Taken from the latest version of Lazard's Levelized Cost of Energy.
Once before, I have written a post about the financial firm Lazard and their surveys of the levelized (meaning, over the full lifetime of the source) cost of different types of energy generation. Lazard did not publish a new edition in 2022, but instead waited until April 2023. (The above diagram is from the newest edition, and the information presented below is mostly based on it.) Some costs have remained essentially the same, which is both good and not-so-good news. But Lazard also reported a significant drop in the cost of one facet of energy production.
New utility scale solar ($24-96/MWh) and onshore wind ($24-75/MWh) drop on the lower end, but have risen significantly on the higher end.
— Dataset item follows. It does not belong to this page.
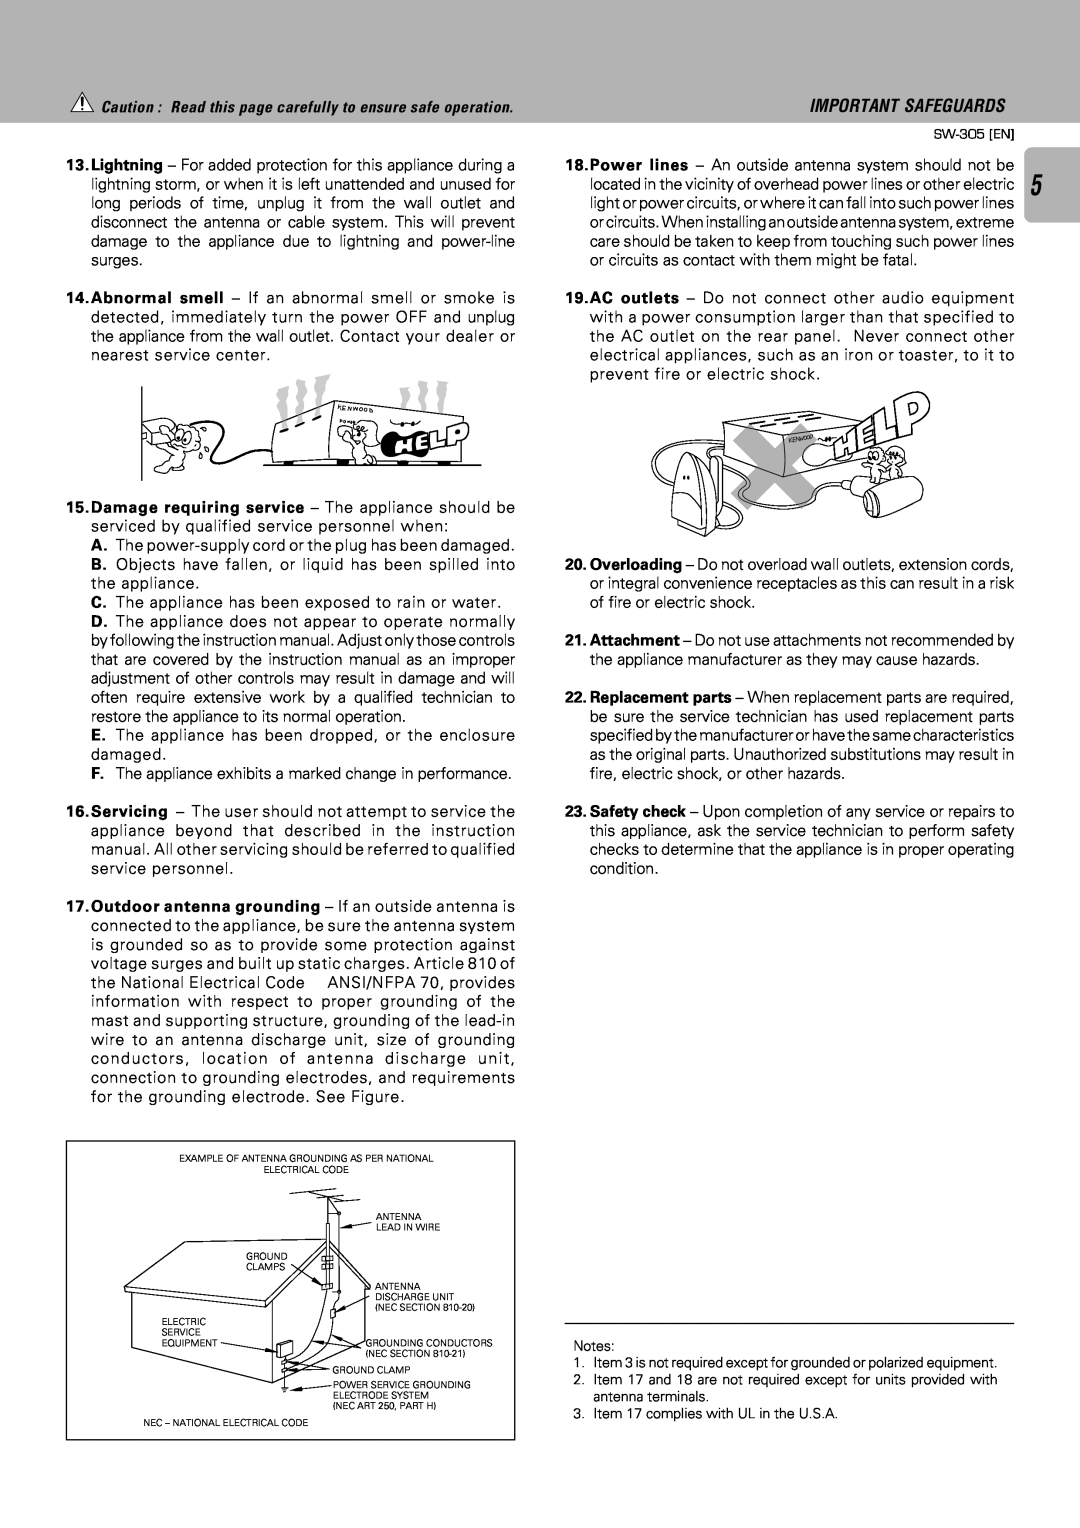 Kenwood SW-505D, SW-305 instruction manual Important Safeguards, Caution Read this page carefully to ensure safe operation

The lower end in both cases is extremely competitive compared to new coal ($68-166/MWh, with the high end including carbon capture) and gas ($39-101/MWh). But the sharp upward revisions on the high end suggest that the cost is more sensitive to location than previously reported. Intermittency remains a serious practical concern with both solar and wind, but the cost of battery storage is definitely going down. The cost of solar plus storage ranges from $46-102/MWh, after it was estimated at $85-158/MWh in 2021. Onshore wind plus storage fares even better, with a cost of $24-75/MWh. Offshore wind, by contrast, is still quite expensive at $72-140/MWh (not even including storage). That is a significant obstacle. But as long as there are parts of the country where onshore wind would compete for land with housing and agriculture, or where the potential for wind power is significantly greater a few miles offshore than a few miles onshore, there will be enough demand for offshore wind that people will continue to look for ways to get that cost down.
The cost of nuclear and coal have been evaluated both in terms of overall cost and the cost once construction has been accounted for (see the orange diamonds above). For coal, the latter cost is $52/MWh. This is higher than the lowest estimates for solar and wind plus storage. Why is that significant? Because it means that there are already at least some locations in the country where it would be cheaper (taking the cost of construction of the coal plant to be set, and something which will necessarily be paid, regardless of how long the plant operates) to decommission the coal plant in favor of renewables plus storage right now. And that assumes that storage of a significant portion of the power generated by the renewables is needed; where this is not true, a greater portion of coal plants could be decommissioned quickly. For nuclear, the cost of continuing to run a plant whose construction has been accounted for is only $31/MWh. But the total cost of nuclear is heavily skewed toward construction of the plant, ranging from $141-221/MWh (compared to $131-204/MWh in 2021). Simply put, new nuclear plants are not cost-competitive right now with anything, the most expensive offshore wind included. And with the cost of battery storage for renewables dropping sharply, it would take a major innovation in the construction of nuclear facilities to put nuclear back in the picture at all. (Keep in mind also that nuclear plants take more than seven years to build on average, while solar and wind farms can be installed in a year or two.) But existing nuclear plants are still cheap to run, and as long as a plant continues to run well and safely without requiring major renovations, I don’t see any benefit to closing it.
Recently, Lazard has started to take a closer look at the cost of hydrogen as an energy source. The burning of hydrogen does not directly emit disruptive amounts of any greenhouse gases (burning it will release some water vapor, but not in proportions that will noticeably affect the total atmospheric amount). However, most present means of creating molecular hydrogen do involve the combustion of fossil fuels. The one exception would be the electrolysis of water using electricity generated from non-emitting sources. For combined cycle gas, Lazard estimates the cost of generating 20% of the power using “blue” hydrogen (meaning the hydrogen is produced by burning methane) at $116/MWh and using “green” hydrogen (from electrolysis) at $156/MWh. This is obviously too large for now, but hydrogen technology is at the state of development where solar and wind were about 15 years ago and battery storage was about 5 years ago. Significant innovation is needed, but the precedent is there.
So where does this leave us, relative to two years ago? The big positive is that battery costs have come down, bolstering the feasibility of a quick transition to renewables. That being said, the cost of wind and solar remains very heavily dependent on location. And given the space required for renewables relative to more conventional power plants, it will take some very good planning to optimize costs in a way that doesn’t interfere with housing and agriculture or cut into nature. Coal and nuclear are still losing the cost battle, to if anything an even bigger degree than in 2021. Barring a major technical breakthrough, it will never be cheaper to produce “clean coal” than it will to be to generate the same amount of energy without emissions in the first place. And solar and wind with storage are clearing technical and cost hurdles much more rapidly than nuclear is. There is room for hydrogen in the transportation sector, but while the cost of hydrogen could drop substantially with increasing demand like it has for renewables and batteries, there’s no guarantee that it will.
Over the last decade, progress has been made on a number of fronts to bring down the cost of a clean energy transition. More progress would help, to be sure, but I honestly don’t think the price tag is holding it back at this point.